Developer has no regrets about 15-year struggle
The doors will soon open at Langham Place, one of the city's most expensive and protracted redevelopment projects

28 April 2004
South China Morning Post

Words from Hong Kong-born American accidental pop star William Hung sum up how the deputy chairman of Great Eagle Holdings feels about a project that has taken 15 years to complete.

"I already gave my best. I have no regrets at all."

Lo Ka-shui, 57, who admits to being a Hung fan, is reflecting on one of Hong Kong's most expensive, complex and protracted urban redevelopment projects.

Great Eagle has spent 15 years and a whopping $10.5 billion on the Mongkok Seven Streets redevelopment, known as Langham Place, which incorporates Shanghai Street, Argyle Street and Portland Street.

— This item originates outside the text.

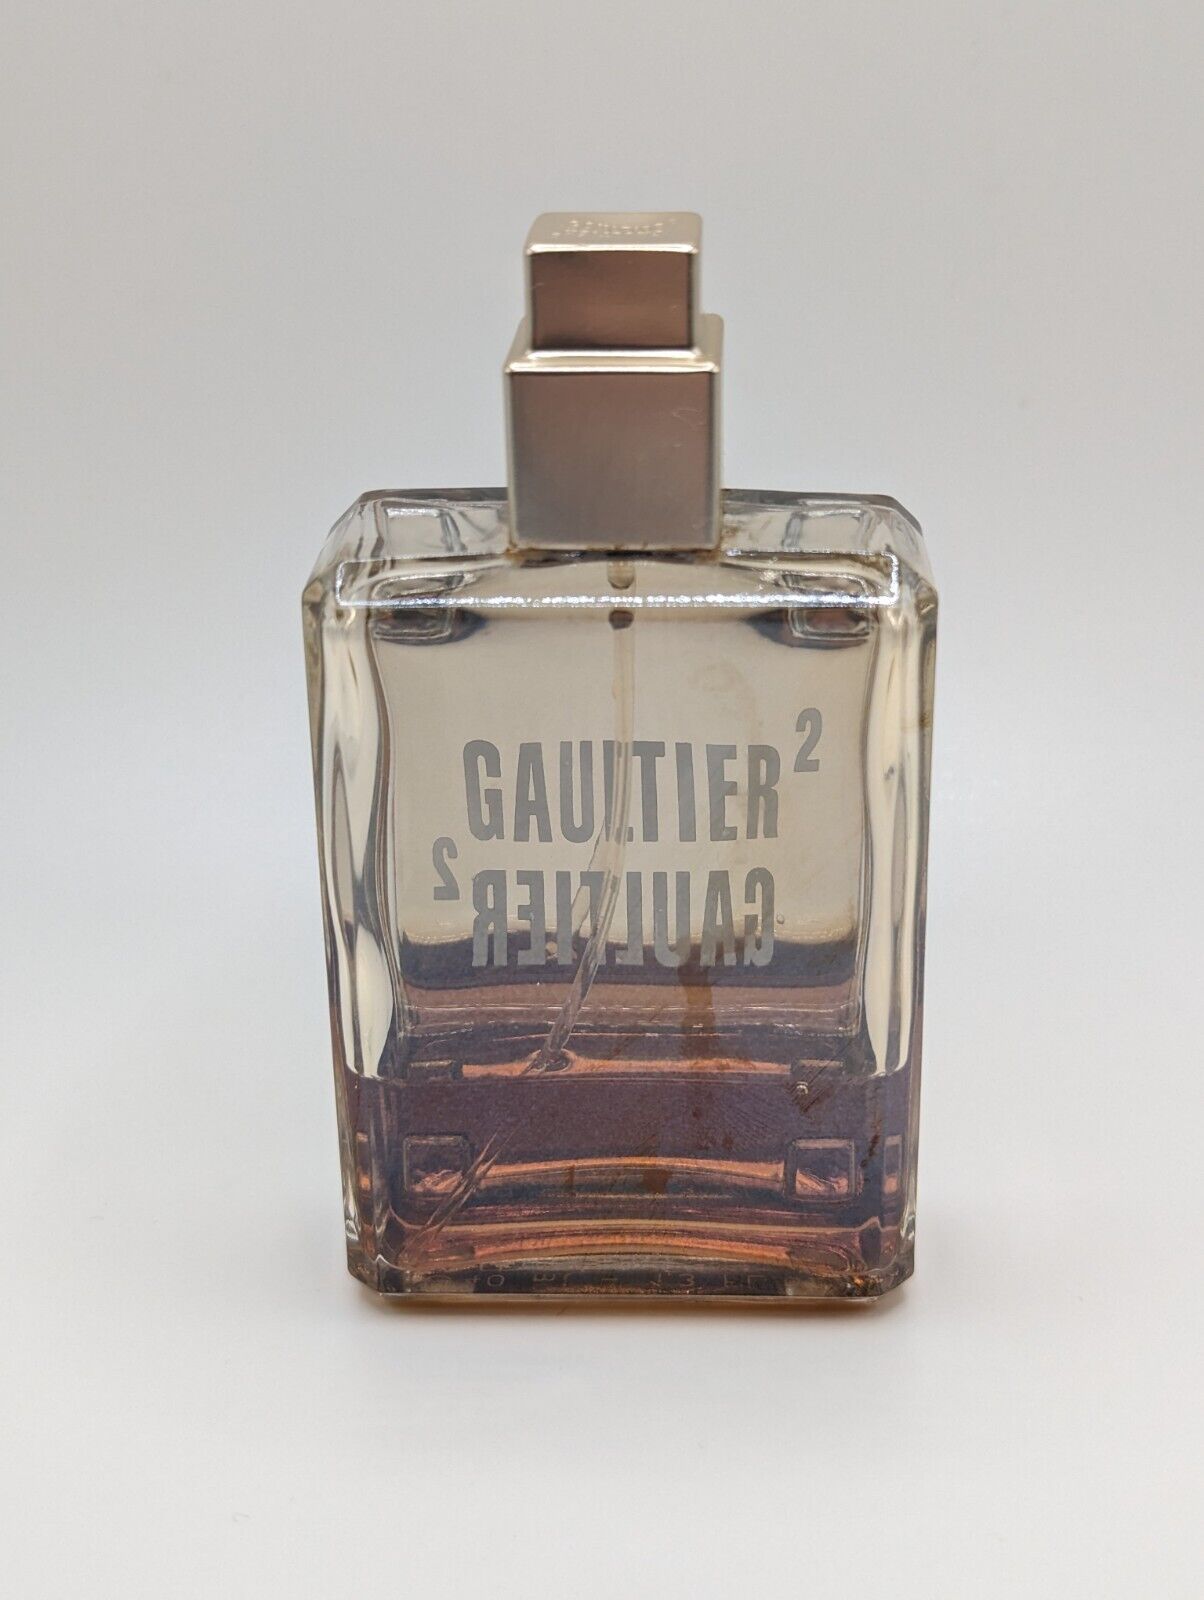 Jean Paul Gaultier Gaultier 2 Women's 1.3 oz Eau de Parfum Used

The project is due for completion in October.

The more than 1.75 million square foot office-hotel-retail complex is seven years behind schedule and $2.5 billion over budget.

Mongkok Seven Streets comprises a 59-storey, 700,000 sqft office tower, a 15-storey, 600,000 sqft shopping centre with more than 300 shops and a 42-storey, 460,000 sqft hotel with 700 rooms.

The doctor-turned-developer said scale and site meant the project would probably be unique.

"Such a huge commercial complex built in the most prosperous inner city area of Hong Kong will probably never be duplicated," said Mr Lo, who is also vice-president of the Hong Kong Real Estate Developers Association.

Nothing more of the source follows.